(Stored items)
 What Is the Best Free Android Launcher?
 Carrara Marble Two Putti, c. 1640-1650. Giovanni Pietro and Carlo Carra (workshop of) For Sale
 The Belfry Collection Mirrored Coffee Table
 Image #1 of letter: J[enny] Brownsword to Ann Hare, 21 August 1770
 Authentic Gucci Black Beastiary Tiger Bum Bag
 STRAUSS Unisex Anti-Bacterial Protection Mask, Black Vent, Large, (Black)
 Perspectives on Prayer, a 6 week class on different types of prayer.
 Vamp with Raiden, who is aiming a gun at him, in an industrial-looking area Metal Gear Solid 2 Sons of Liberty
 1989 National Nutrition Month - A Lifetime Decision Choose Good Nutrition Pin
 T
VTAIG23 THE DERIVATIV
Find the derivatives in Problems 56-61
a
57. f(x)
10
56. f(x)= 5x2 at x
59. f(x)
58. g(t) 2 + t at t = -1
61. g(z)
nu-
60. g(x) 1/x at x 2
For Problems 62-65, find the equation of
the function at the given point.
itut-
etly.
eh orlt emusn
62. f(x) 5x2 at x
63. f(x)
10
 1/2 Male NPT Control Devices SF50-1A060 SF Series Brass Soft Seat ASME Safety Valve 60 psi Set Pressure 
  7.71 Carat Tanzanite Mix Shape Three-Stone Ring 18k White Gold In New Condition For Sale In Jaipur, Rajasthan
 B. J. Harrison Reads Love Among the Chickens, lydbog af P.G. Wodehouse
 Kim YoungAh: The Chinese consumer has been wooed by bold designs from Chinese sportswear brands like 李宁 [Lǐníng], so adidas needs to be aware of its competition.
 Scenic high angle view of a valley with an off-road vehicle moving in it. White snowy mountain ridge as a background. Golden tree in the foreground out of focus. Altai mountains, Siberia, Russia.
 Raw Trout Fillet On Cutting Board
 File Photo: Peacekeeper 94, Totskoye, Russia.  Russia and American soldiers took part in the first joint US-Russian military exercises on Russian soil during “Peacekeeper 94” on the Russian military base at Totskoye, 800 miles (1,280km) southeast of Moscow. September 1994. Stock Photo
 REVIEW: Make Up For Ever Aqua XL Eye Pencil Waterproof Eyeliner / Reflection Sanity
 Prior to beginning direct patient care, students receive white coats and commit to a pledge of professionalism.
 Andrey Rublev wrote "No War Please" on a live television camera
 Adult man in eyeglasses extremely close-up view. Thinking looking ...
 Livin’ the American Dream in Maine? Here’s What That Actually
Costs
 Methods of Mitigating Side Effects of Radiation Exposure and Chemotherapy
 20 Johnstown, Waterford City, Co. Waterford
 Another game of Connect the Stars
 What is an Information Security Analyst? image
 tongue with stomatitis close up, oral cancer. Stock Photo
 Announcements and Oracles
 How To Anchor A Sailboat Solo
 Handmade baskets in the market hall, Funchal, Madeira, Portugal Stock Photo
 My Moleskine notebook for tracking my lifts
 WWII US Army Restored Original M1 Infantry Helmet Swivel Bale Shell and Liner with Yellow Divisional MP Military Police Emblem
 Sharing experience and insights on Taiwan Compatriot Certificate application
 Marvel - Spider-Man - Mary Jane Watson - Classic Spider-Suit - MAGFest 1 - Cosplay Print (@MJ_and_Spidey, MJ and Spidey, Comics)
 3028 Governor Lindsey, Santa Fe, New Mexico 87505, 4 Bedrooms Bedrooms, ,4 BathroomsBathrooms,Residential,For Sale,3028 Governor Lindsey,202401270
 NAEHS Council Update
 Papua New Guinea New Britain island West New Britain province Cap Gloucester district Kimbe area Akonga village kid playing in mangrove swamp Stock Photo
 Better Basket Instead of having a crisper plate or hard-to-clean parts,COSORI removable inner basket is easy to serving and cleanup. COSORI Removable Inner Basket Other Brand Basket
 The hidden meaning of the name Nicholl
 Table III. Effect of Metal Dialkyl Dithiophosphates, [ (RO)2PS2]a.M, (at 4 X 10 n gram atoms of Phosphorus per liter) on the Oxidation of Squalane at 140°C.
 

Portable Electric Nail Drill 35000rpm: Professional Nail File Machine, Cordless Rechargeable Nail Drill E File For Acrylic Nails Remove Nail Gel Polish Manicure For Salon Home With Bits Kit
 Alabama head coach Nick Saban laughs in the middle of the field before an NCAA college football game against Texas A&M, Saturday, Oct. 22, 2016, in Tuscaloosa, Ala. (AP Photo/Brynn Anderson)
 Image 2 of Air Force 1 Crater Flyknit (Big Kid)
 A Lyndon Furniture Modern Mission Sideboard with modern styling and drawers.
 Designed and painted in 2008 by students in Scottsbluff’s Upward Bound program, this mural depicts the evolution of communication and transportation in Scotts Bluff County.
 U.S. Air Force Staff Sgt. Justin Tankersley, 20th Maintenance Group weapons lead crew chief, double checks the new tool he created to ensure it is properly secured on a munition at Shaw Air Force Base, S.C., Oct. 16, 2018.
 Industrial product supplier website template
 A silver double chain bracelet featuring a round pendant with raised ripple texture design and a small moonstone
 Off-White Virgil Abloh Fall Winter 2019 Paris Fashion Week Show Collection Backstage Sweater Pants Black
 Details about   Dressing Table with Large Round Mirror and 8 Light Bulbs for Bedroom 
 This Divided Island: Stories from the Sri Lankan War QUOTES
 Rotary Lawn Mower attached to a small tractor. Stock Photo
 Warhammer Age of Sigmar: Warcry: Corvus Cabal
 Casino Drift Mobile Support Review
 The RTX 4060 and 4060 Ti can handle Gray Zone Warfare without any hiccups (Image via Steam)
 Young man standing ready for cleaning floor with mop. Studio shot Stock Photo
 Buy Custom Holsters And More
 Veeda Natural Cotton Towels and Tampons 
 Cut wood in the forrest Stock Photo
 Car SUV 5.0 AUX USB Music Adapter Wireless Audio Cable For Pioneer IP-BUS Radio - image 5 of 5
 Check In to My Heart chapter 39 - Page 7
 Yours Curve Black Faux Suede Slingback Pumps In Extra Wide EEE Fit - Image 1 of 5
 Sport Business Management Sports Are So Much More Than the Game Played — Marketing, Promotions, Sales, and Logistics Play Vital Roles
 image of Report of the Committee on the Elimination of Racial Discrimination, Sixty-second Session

● WHAT TO DO
Nothing should appear in the answer except the lines above from the line with "A Lyndon Furniture" through the line with "This Divided Island: Stories", both included, written out exactly.

● COMPLETED EXERCISE
 A Lyndon Furniture Modern Mission Sideboard with modern styling and drawers.
 Designed and painted in 2008 by students in Scottsbluff’s Upward Bound program, this mural depicts the evolution of communication and transportation in Scotts Bluff County.
 U.S. Air Force Staff Sgt. Justin Tankersley, 20th Maintenance Group weapons lead crew chief, double checks the new tool he created to ensure it is properly secured on a munition at Shaw Air Force Base, S.C., Oct. 16, 2018.
 Industrial product supplier website template
 A silver double chain bracelet featuring a round pendant with raised ripple texture design and a small moonstone
 Off-White Virgil Abloh Fall Winter 2019 Paris Fashion Week Show Collection Backstage Sweater Pants Black
 Details about   Dressing Table with Large Round Mirror and 8 Light Bulbs for Bedroom 
 This Divided Island: Stories from the Sri Lankan War QUOTES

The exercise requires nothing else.